Four-timepoint longitudinal data generated from an arbitrary Monte Carlo simulation, for 1000 simulees. The response variable is a discrete count variable. There are three time-invariant covariates. The data are available in both "wide" and "long" format.
Usage
data("LongitudinalOverdispersedCounts")
Format
The "long" format dataframe, longData, has 4000 rows and the following variables (columns):
id: Factor; simulee ID code.
tiem: Numeric; represents the time metric, wave of assessment.
x1: Numeric; time-invariant covariate.
x2: Numeric; time-invariant covariate.
x3: Numeric; time-invariant covariate.
y: Numeric; the response ("dependent") variable.
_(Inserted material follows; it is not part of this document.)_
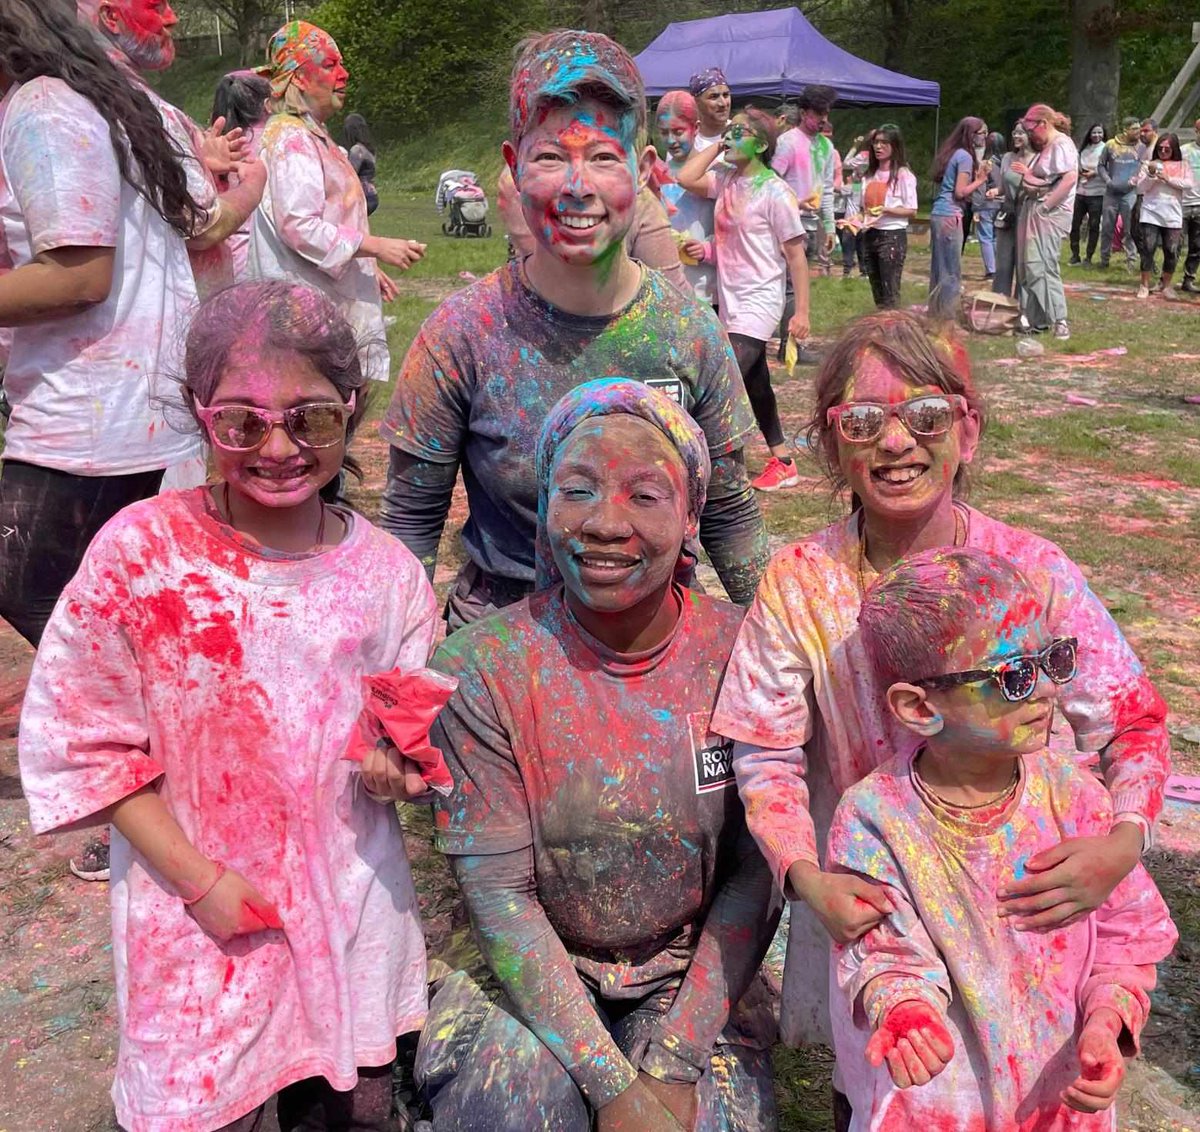 Spring had sprung in #Cardiff as #RNAttract Central celebrated Holi with friends. Much colour, laughter, chaos and fun - Happy #Holi!
@RAdmJudeTerry @BrigjkFraser @DefenceHindu @HCIWales

The "wide" format dataset, wideData, is a numeric 1000x12 matrix containing the following variables (columns):
id: Simulee ID code.
x1: Time-invariant covariate.
x3: Time-invariant covariate.
x3: Time-invariant covariate.
y0: Response at initial wave of assessment.
y1: Response at first follow-up.
y2: Response at second follow-up.
y3: Response at third follow-up.
t0: Time variable at initial wave of assessment (in this case, 0).
t1: Time variable at first follow-up (in this case, 1).
t2: Time variable at second follow-up (in this case, 2).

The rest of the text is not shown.